49. One having no knowledge that "the world is the same with the Supreme spirit," is always subject to misery; but the negation of the visibles as distinct from God, gives us both the pleasure of our enjoyments here, and our liberation in future.
50. It is ignorance to say the water is one thing and its wave is another; but it shows one's intelligence, who says they are the one and the same thing.
51. The vanities of the world, are fraught with sorrow, therefore discard all its appendages from thee. The abandonment of superfluity, will conduce to thy attainment of wisdom at last.
52. The mind being composed of vain desires, is an unreality in itself;say therefore, O Rama! why should you sorrow for something which in reality is nothing.
53. Do you, O Rama! look upon all things as traps set to ensnare the soul; and regard them with the eye of an unkind kinsman looking upon his relatives, with an eye of apathy and unconcern.
54. As the unkind relative is unconcerned with the joys and griefs of his relations; so shouldst thou remain aloof from all things, by knowing the falsehood of their natures.
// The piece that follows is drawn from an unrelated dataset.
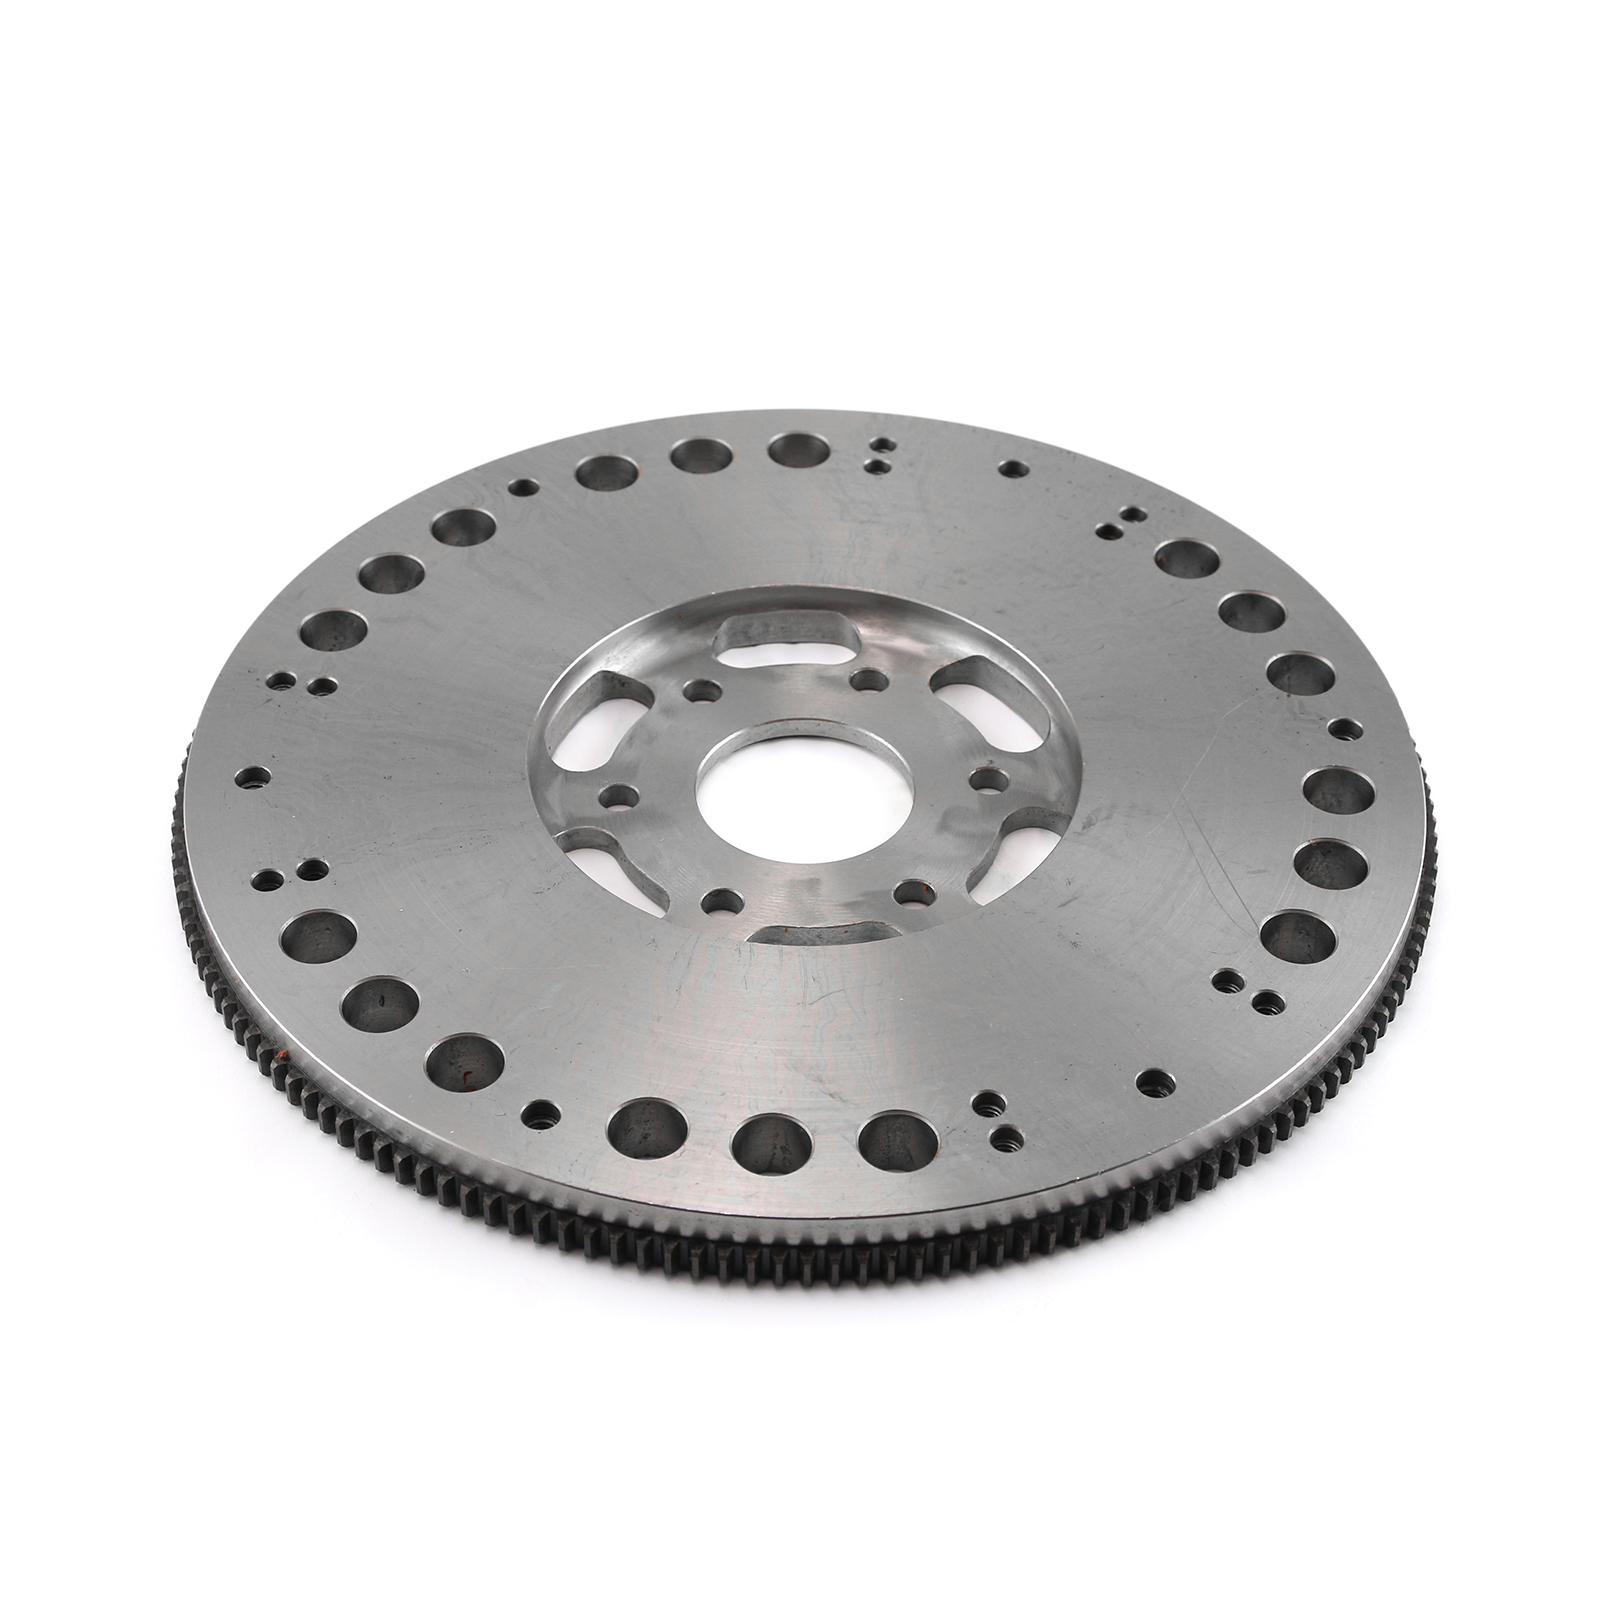 Ford 429 460 164 Tooth Billet Steel Light SFI Flywheel Internal External

55. Rely on that eternal Spirit, which is infinite knowledge and felicity, and which is between the viewer and the view (i.e. betwixt the noumenon and the phenomenon). The mind being fixed to that truth, will adhere to it as clay, after the swiftness of its flight is at an end.
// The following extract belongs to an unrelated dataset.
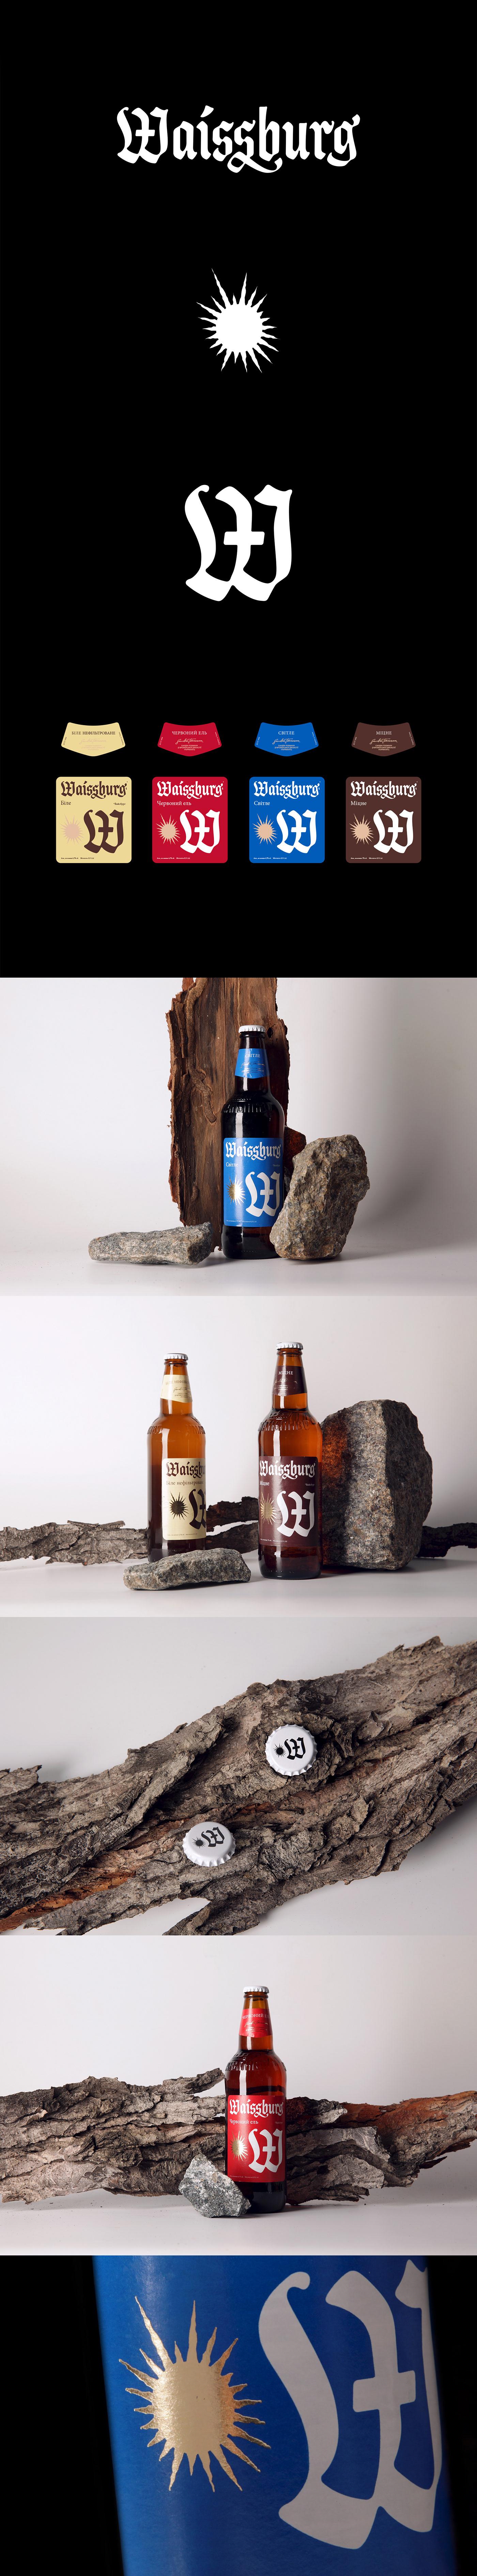 beer gothic foilstamp waissburg ukraine Kyiv package Packaging branding  german

56. The airy flight of the mind being restrained, the sluggish body must cease to run about;and the cloud of the dust of ignorance, will no more spread over the city of the world.
57. When the rains of our desires are over, and the calmness of the mind is restored; when the shuddering coldness of dullness has fled, and when the mud of worldliness is dried up:—
58. When the channel of our thirst is dried up, and the drinking pots are sucked up and emptied; when the forest of the heart is cleared, and its brambles are rooted out, and the frost of false knowledge has disappeared:—
59. It is then that the mist of error vanishes from view, like the shadow of night on the approach of dawn; and the frigidity of dullness is put to flight, like the poison of snake-bite by the potent charm of mantras.
60. Then the rivulets of our desires, do not run down the rock of the body; nor do the peacocks of our fleeting wishes, fly and sport on its top.
61. The sphere of our consciousness becomes as the clear sky; and the luminary of the living soul, shines as brightly over it as the midday sun.
62. The cloud of error is dispelled and succeeded by the light of reason; and the longings of the soul, being purified of their dross, make it shine brilliantly amidst its sphere.
63. Then raptures of serene delight, shoot forth in the soul like blooming blossoms in the open air; and a cool light is shed upon it, like the cooling beams of the autumnal moon.
64. This ecstasy of the soul, unfolds all prosperity before it, and fructifies with abundance the well cultivated ground of the reasoning mind. (Truth is the fruit of holy joy in the reasonable mind).
65. It sheds its clear lustre all over the world, and shows the depths of the hills and forests, and everything on earth in their clearest light. (Heavenly joy unfolds all things to light).
66. It expands the mind and makes it translucent, and the heart as a clear lake, renders blooming with blossoms of the lotus of satva, and without the dust—rajas of egoism. It is never infested by the swarming passions of pride or tamas.
67. The mind then being purged of its selfishness, turns to universal benevolence and philanthropy; and being quite calm in itself without any desire of its own, it reigns as lord over the city of its body.
68. The man whose investigation has made him acquainted with all things, whose soul is enlightened with truth; whose mind is melted down from his highmindedness; who is calm and quiet in his understanding, and looks at the unpleasant course of the births and deaths of men with pity; he verily lives happily in the realm of his body, without his feverish anxieties about anything.